Dying beauties: the wooden buildings of Istanbul - benbreen
http://www.inenart.eu/?p=17305

======
jballanc
There are a number of examples of this architectural style, but much better
preserved, along the side streets near the Ayasofya (Hagia Sophia).

That said...I'm honestly not the least bit surprised that many of these places
are falling into disrepair. At the same time, I wouldn't ascribe it to
gentrification or any ill will by the middle class, looking to replace them
with new construction, toward immigrants too poor to maintain them.

This is just how Istanbul is. The city is _so_ old that there's not really any
point in placing special value on something that might be _merely_ one or two
(or even three) hundred years old.
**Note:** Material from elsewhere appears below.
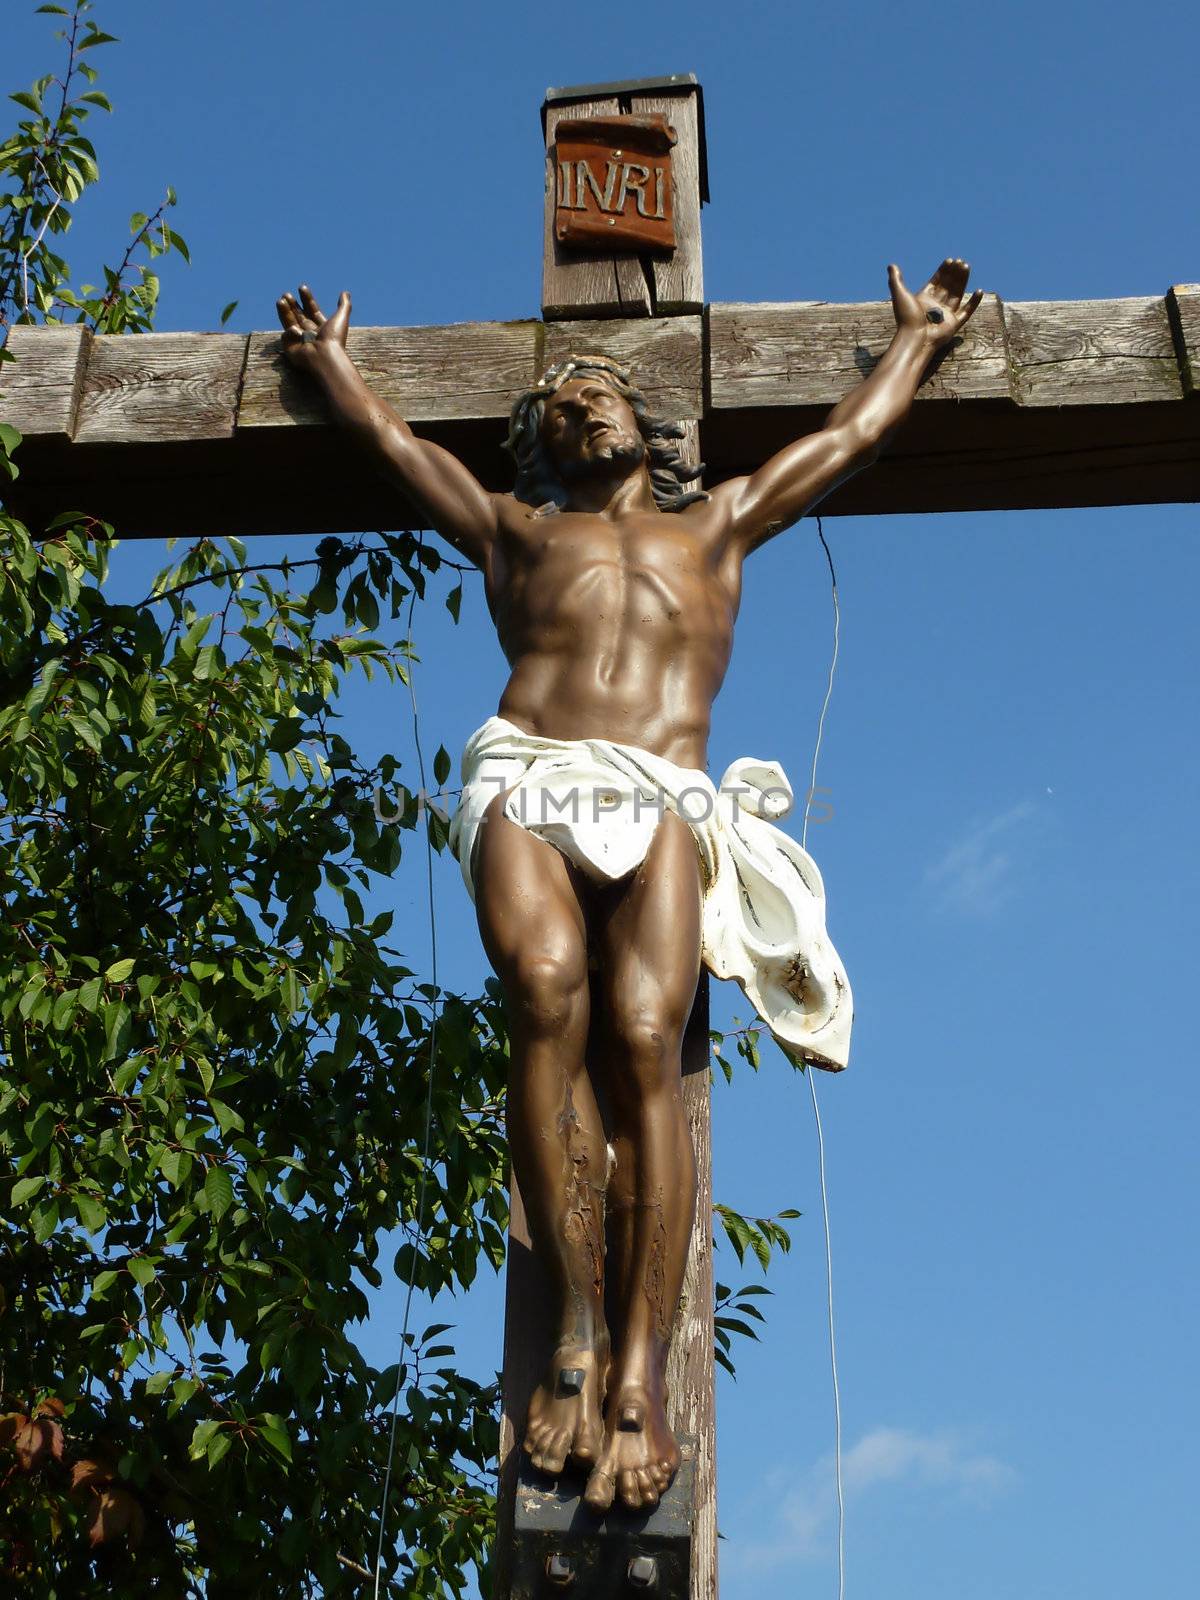 Jesus on the cross by Elenaphotos21

It's not that Istanbul is in any hurry to
tear down old construction. The city is just ruthlessly pragmatic. The product
of millennia of settlement built upon settlement built upon settlement...it
really is unlike quite any other place in the world.

------
whoopdedo
There are two photos showing a wooden building between two newer structures.
In the first the neighboring buildings are brick. The architect there
decorated the buildings so they matched the wood next door. The other shows
concrete buildings. They wood house in that photo looks out of place.

------
guard-of-terra
Some places are lucky to have stone. They have good architecture that lasts
(looking at you Italy). Other are not so lucky, one fire or one century away
from having nothing.

------
phillipadsmith
The post appears to be gone now...?